Say you had a simple “password.csv” containing the following:
server1,p@ssw0rd
server2,P@SSW0RD
Using that, you could match the computer to the line in the CSV and create a parameter in your action script containing just the password, like so:
parameter "password" = {following text of first "," of line whose (it starts with (computer name as lowercase)) of file "password.csv")
From there, you could just deploy the task to every server you care about, using our “password” parameter as the argument to net user
Oh yeah, for sure. Didn’t say it was a good idea, just that it was possible. There are definitely ways to harden this approach, so if it is important enough to OP to do this, hopefully my answer is a push in the right direction.
At my last job, we weren’t really able to deploy LAPS, so I wrote what we called FLAPS (Faux LAPS). It was a per-department policy action that set the admin password on a given computer to a string chosen by the person in that department, the computer’s serial number as lowercase, and a second chosen string. There was an accompanying analysis that would check how recently the password on that account was changed by FLAPS.

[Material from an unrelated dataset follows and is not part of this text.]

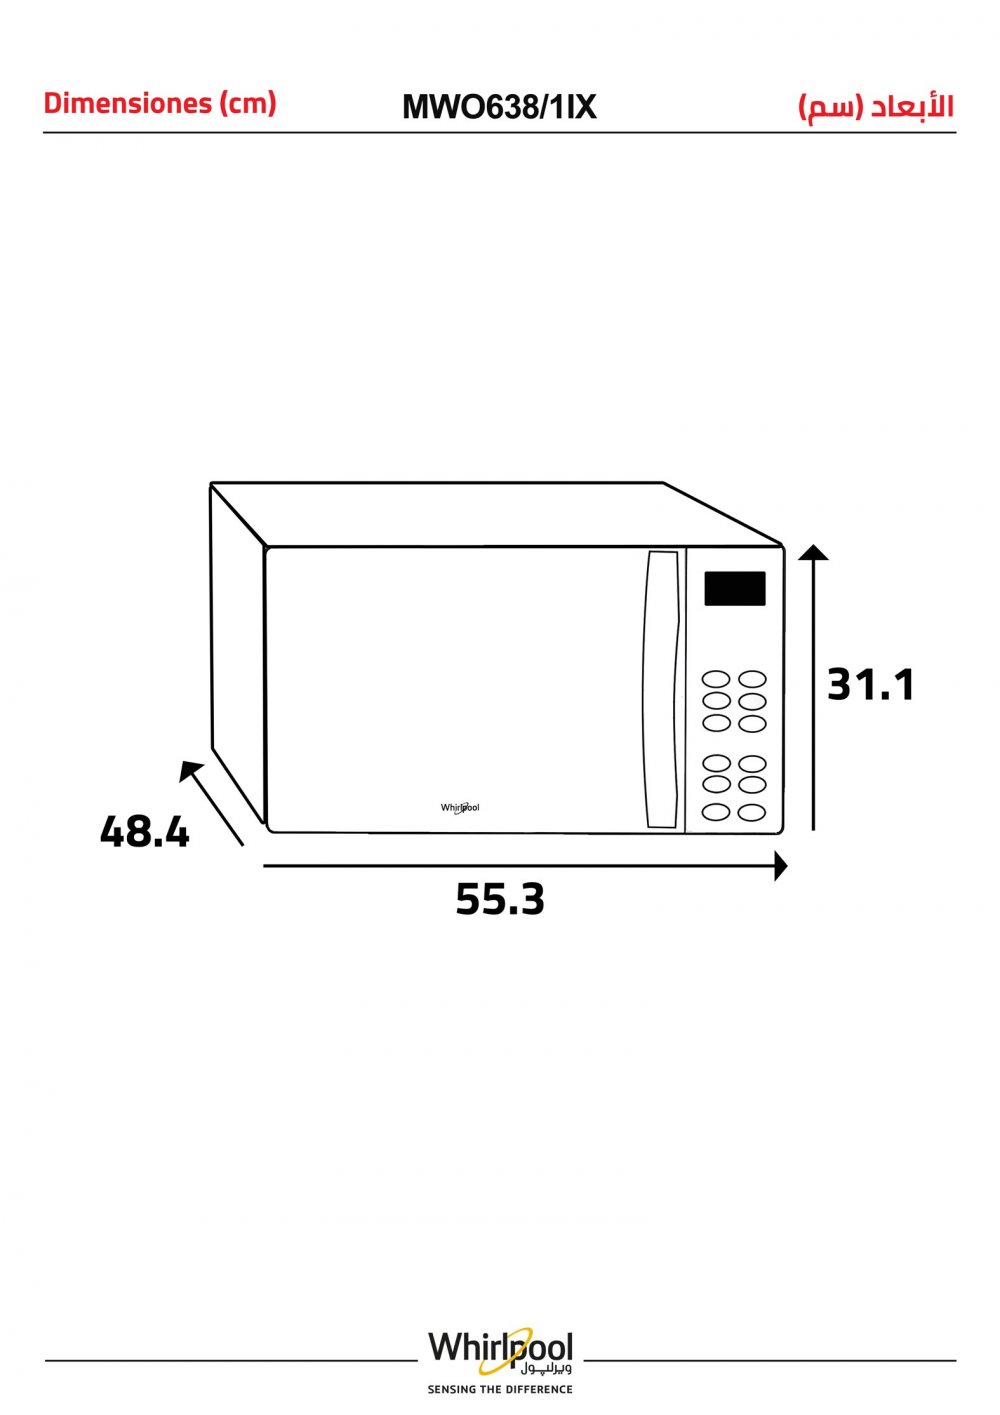 Microwave 38L-St

Desktop techs didn’t like it because it’s sometimes inconvenient to get a computer’s serial number (like if you’re sitting in front of it), but it otherwise was a good solution for us to make sure we had unique but still usable in a pinch passwords on every machine.
Secure parameters and OpenSSL encrypted passwords two of the common approaches.
We take it a step further in our organization and use relevance substitution to do static + dynamic password combinations based on a formula for additional strength. These combination passwords are now standard practice for our domain and local administrative and service accounts.